Speaking of religious exemptions, one of FIRE’s celebrated causes involved student protests at Stanford University to a speech by Judge Stuart Kyle Duncan of the U.S. Fifth District Court of Appeals.  For the record, Duncan opposed same-sex marriage, was instrumental in Burwell v. Hobby Lobby Stores which allows corporations to exclude birth control from their health insurance plans on religious grounds and upheld Texas’ abortion ban.  All this in spite of his response to a question by Illinois senator Dick Durbin during his confirmation hearing, “Where do we draw the line with your right as an individual as opposed to my right to assert religious liberty?”  Duncan’s response?  “It’s a balance, it’s got to be a balance,” and used the Hobby Lobby case as an example, calling it a “close call because women would be deprived of contraception.” 
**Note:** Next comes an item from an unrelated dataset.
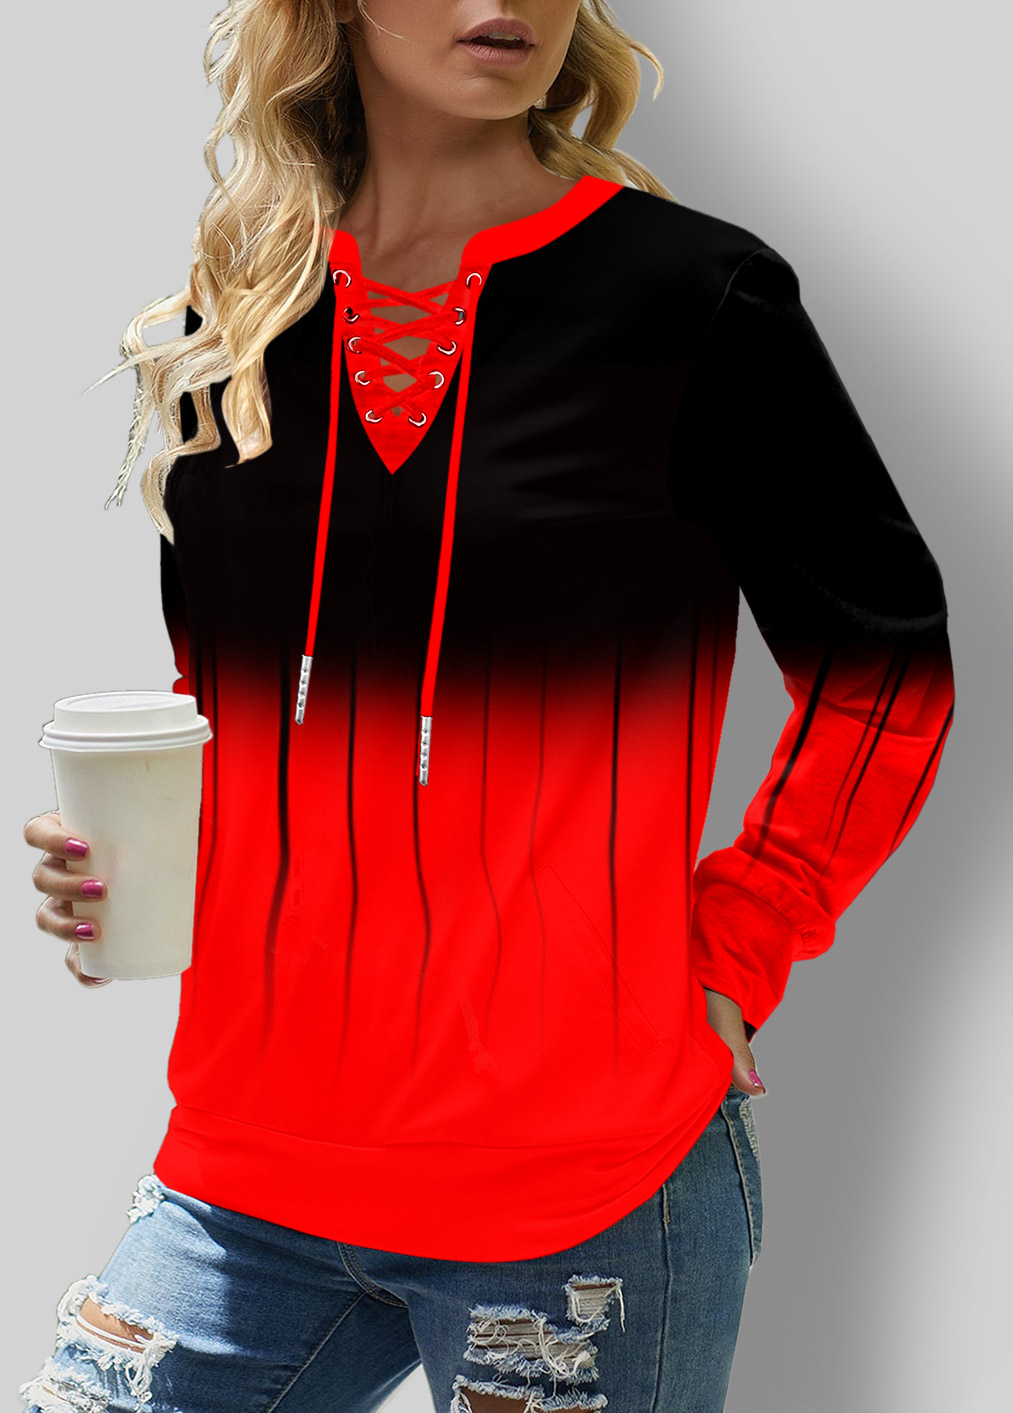 Lace Up Long Sleeve Red Ombre Sweatshirt

His rulings since confirmation have seldom acknowledged that balance.  So Stanford students yelled questions at him and booed his responses.  To which the distinguished judge said to one questioner, “You are an appalling idiot, you’re an appalling idiot.”  Were the questions and booing not free expression and Duncan’s response not an attempt to suppress that free expression?  I use this example to agree that (to use Judge Duncan’s words) there must be a balance between First Amendment rights and disruptive or threatening behavior.  However, wherever you stand on the issue, it cannot be selective.  To quote Jedi master Yoda, “Do or do not.  There is no try.”

There is one other pressure university administrations face every day.  For lack of a better term, call it “helicopter parents.”  I know from experience.  In 2005, two other Miami University faculty and I taught a summer program at our European campus.  When a student did something that we determined could result in harm to other students, we put him on the next plane home.  The next day I received a call from his father who wanted me to justify our action.  Fortunately, there is the Family Educational Rights and Privacy Act (FERPA) which forbids a faculty member from talking with parents without the student’s permission.  I told the father, “If your son will sign the FERPA form which gives me permission to discuss the matter with you, I will gladly tell you everything he did and why we sent him home.”  I never heard from the parent again.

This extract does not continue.